— Боком разверни! Дубина!
Мужики исправили курс. Сундук уплыл.
— Барыня-то тогда — только утром прибежала. Вся трёпаная, — как бы невзначай сообщила горничная, — от туфель одни ошмётки.
Лакей холодно отстранился:
— У вас, гляжу, дел нет. Ступайте проверьте, как укладывают багаж её сиятельства.
Горничная надула губки. Но повиновалась.
Сам он направился в кухню. Нашёл мутную бутыль. Ловко перелил из неё в изящный графин. Обтёр. Поставил графин на поднос. Взял стопку льняных салфеток. Сунул к носу. Остался удовлетворён чистотой. Положил рядом с графином.
Взял бутыль за горлышко. И с наслаждением жахнул о стену. Брызнул уксус и осколки.
Лакей удовлетворённо посмотрел на мокрое пятно. На осколки. Поднял поднос и плавно понёс в спальню, где лежала старая графиня.
У постели собрались все.
Но обернулась только Мари. Выглядела она скверно: лицо опухло, под глазами чёрные круги. Подошла. Кивнула ему, шепнула, принимая поднос:
— Яков, не знаю, что бы без вас делали. Спасибо вам.
— Ваше сиятельство, — величественно наклонил пробор лакей.
Мари поставила поднос на ночной столик. Стала смачивать салфетку. Кисло запахло уксусом.

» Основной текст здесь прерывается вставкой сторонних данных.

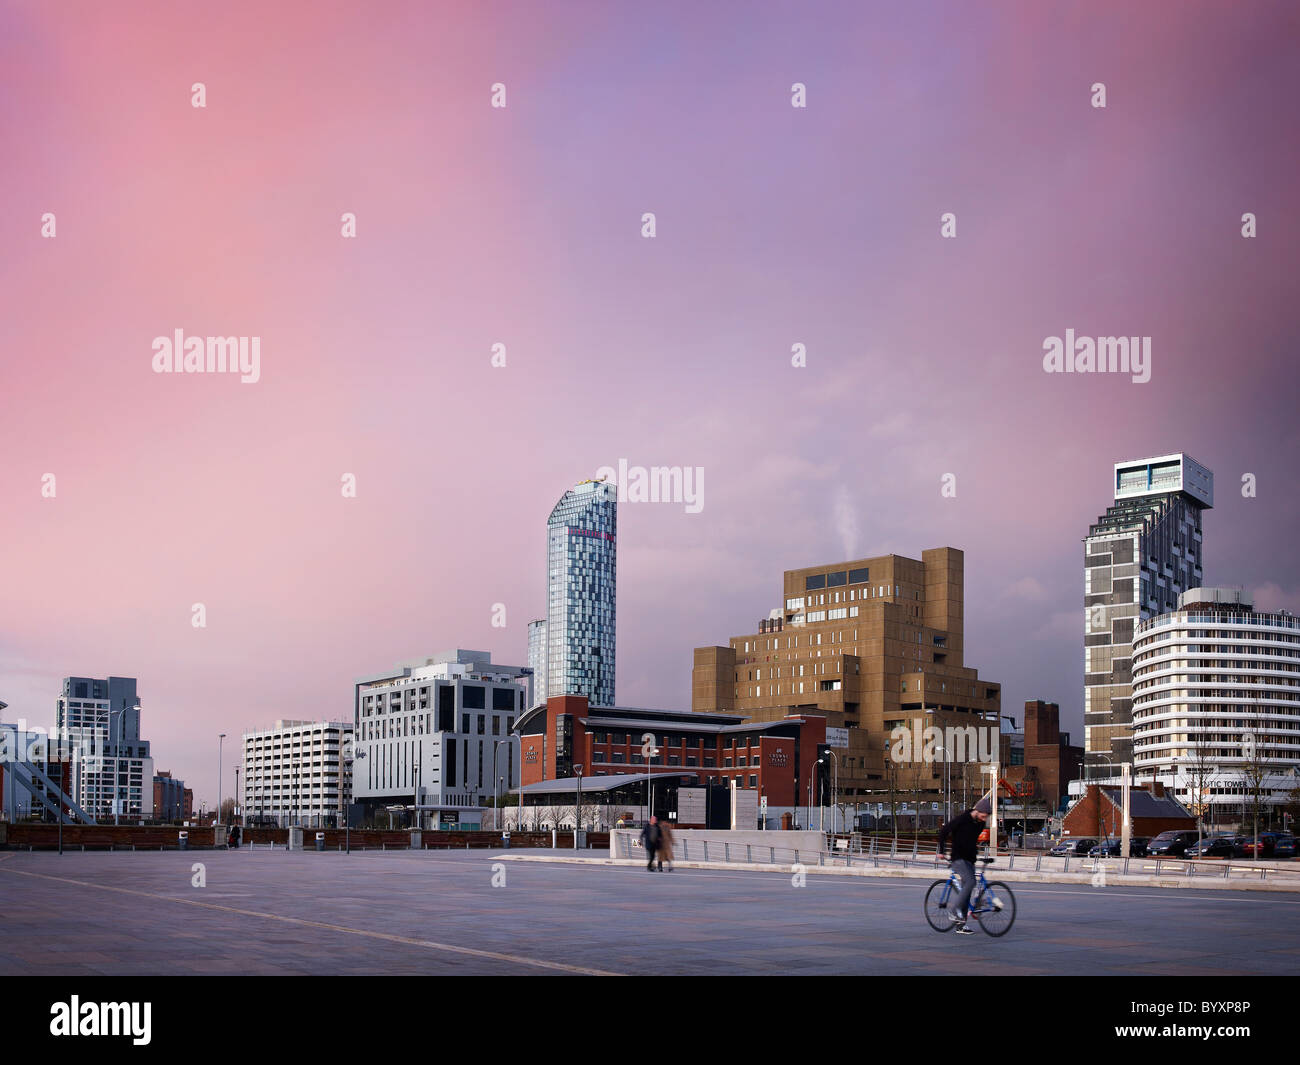 Immagine di liverpool skyline notturno utilizzando una lunga esposizione, che mostra gli edifici alti e paesaggio urbano da Pier Head Foto Stock

Мари была чуть ли не рада хлопотам: укладыванию, распоряжениям, отъезду. Если бы она не бегала, не распоряжалась, не присматривала, не укладывала, то села бы лицом к стене и завыла.
Минувшая ночь казалась ей дурным сном, от которого она не проснулась.
Только притворялась бодрствующей, деловитой, собранной — той Мари, которая нужна была сейчас им всем.
Переглянулась с Оленькой. Осторожно заговорила:
— Мама, мы должны перенести вас в экипаж.
Графиня громко застонала.
— Так ужасно… — Изо рта её пахло ландышевыми каплями.